步骤 2：接下来，我们需要使用命令 'npm init' 创建一个 package.json 文件，并设置应用程序的作者和起始文件等配置。

步骤 3：之后，使用以下命令安装必要的包。

此处，axios 包用于向服务器发送请求并获取服务器的响应。它支持请求拦截、请求取消和自动 JSON 转换。
Body parser 用作 express 的中间件，它可以将请求解析为不同的格式。它主要用于处理 POST 请求数据。
Cheerio 用于实现核心 jQuery 功能，它专为服务器端操作 HTML 和 XML 文档而设计。
EJS 用于在 HTML 模板中嵌入 JavaScript 代码。
Express 是一个 Node.js Web 应用程序框架。

步骤 4：之后，在同一目录中创建两个文件并命名。一个用于服务器，另一个用于爬虫 JavaScript 文件。因此，它们都命名为 'server.js' 和 'crawler.js'。

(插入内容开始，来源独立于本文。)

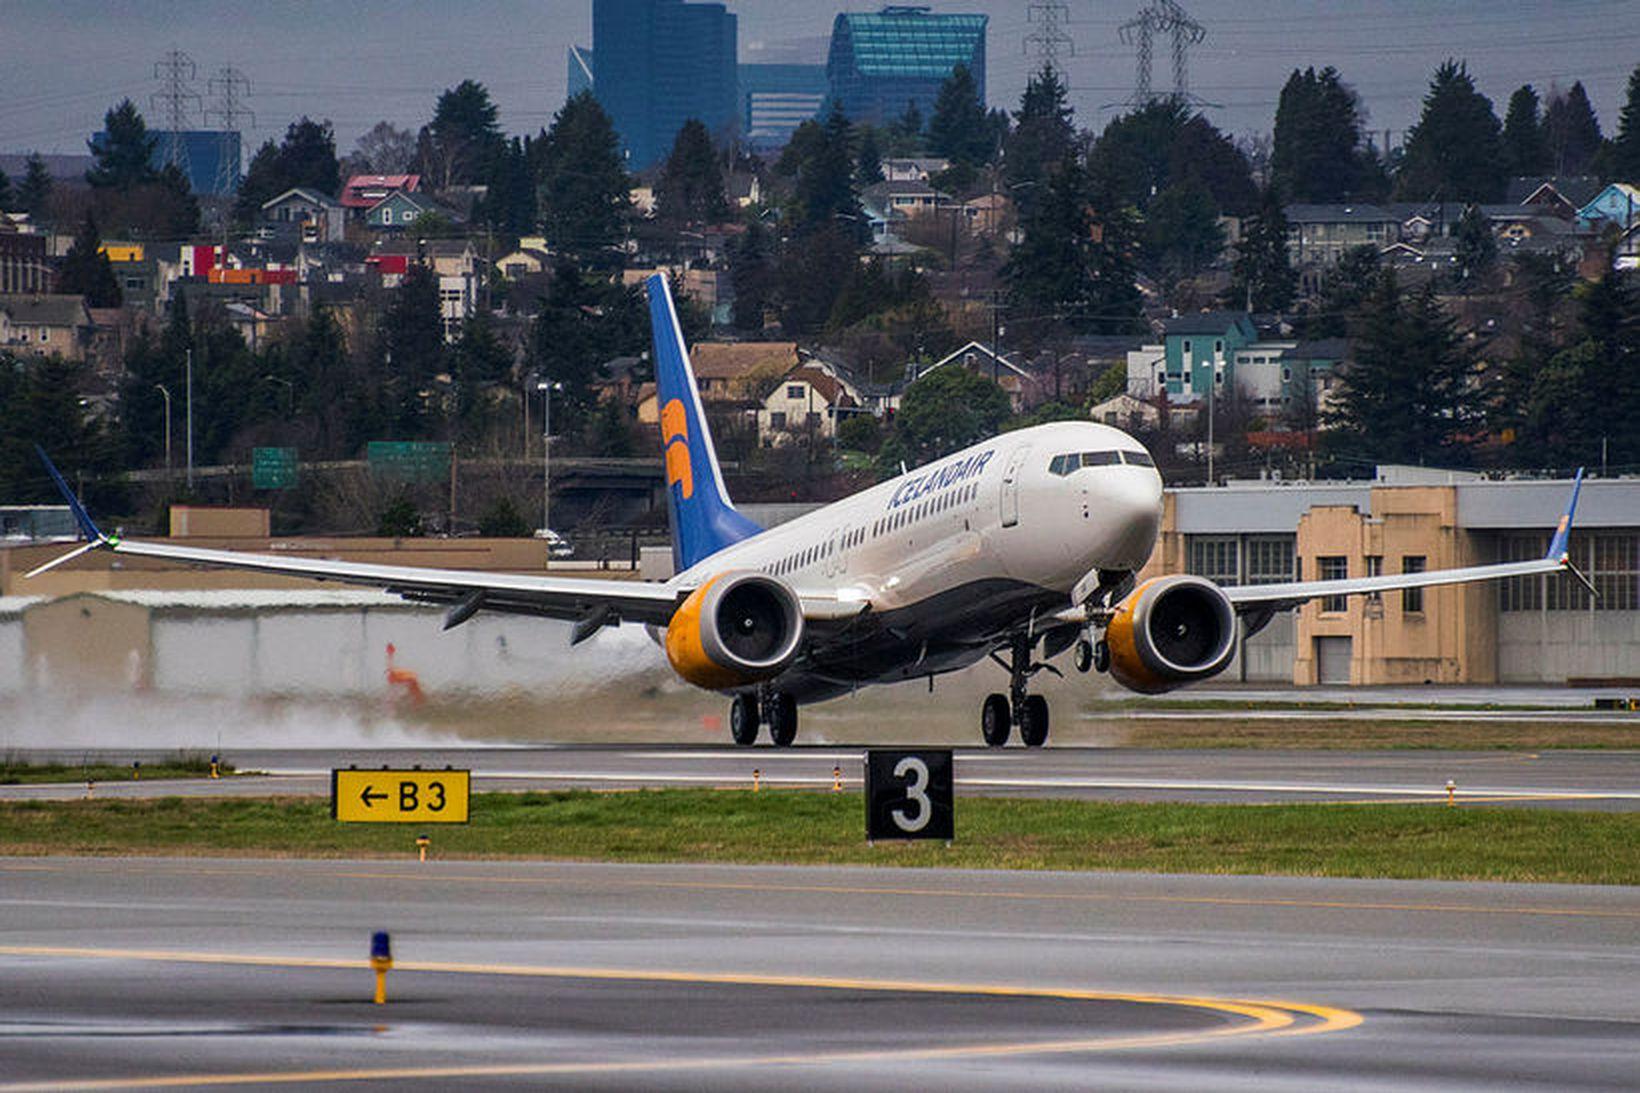 Boeing 737 Max-flugvél Icelandair.

步骤 5：最后，在 server.js 文件中写入以下代码。

 
const express = require('express');
const path = require('path');
const ejs = require('ejs');
const crawl = require('./crawler');
const app = express();
const port = 3000;
app.set('view engine', 'ejs');
app.set('views', path.join(__dirname, 'views'));
app.use(express.urlencoded({ extended: true }));
app.use(express.json());
app.use(express.static(path.join(__dirname, 'public')));
app.get('/', (req, res) => {
    res.sendFile(path.join(__dirname, 'views', 'index.html'));
});
app.post('/crawl', async (req, res) => {
    const url = req.body.url;
    const maxDepth = parseInt(req.body.maxDepth) || 1;
    const result = await crawl(url, 1, maxDepth);
    if (result) {
        res.render('results', {
            url: url,
            links: result.links,
            content: result.content
        });
    } else {
        res.send(`<p>Error crawling the URL. Please try again.</p><a href="/">Back</a>`);
    }
});
app.listen(port, () => {
    console.log(`Server is running on https://:${port}`);
});   

步骤 6：现在，在 crawler.js 中写入以下代码。

 
const axios = require('axios');
const cheerio = require('cheerio');
const { URL } = require('url');
async function crawl(baseUrl, depth = 1, maxDepth = 1, visited = new Set()) {
    if (depth > maxDepth || visited.has(baseUrl)) return { links: [], titles: [], content: '' };
    visited.add(baseUrl);
    try {
        const response = await axios.get(baseUrl);
        const html = response.data;
        const $ = cheerio.load(html);
        const data = {
            links: [],
            titles: [],
            content: $('body').text().trim(),
        };
        $('a').each((index, element) => {
            const href = $(element).attr('href');
            if (href) {
                try {
                    const absoluteUrl = new URL(href, baseUrl).href;
                    data.links.push({ link: absoluteUrl, title: $(element).text().trim() });
                } catch (error) {
                    console.error(`Invalid URL: ${href}`);
                }
            }
        });
        for (const link of data.links) {
            const nestedData = await crawl(link.link, depth + 1, maxDepth, visited);
            data.links.push(...nestedData.links);
        }
        return data;
    } catch (error) {
        console.error(`Error fetching ${baseUrl}:`, error);
        return { links: [], titles: [], content: '' };
    }
}
module.exports = crawl;   

步骤 7：之后，为 html 文件和 ejs 文件创建另一个名为 'views' 的文件夹。在该文件夹中，创建一个名为 'index.html' 的文件，用于创建一个表单，用户需要在其中输入网站的 URL 和最大深度。'results.ejs' 文件用于显示结果，其中包含一个表格，列出网站上的链接和数据。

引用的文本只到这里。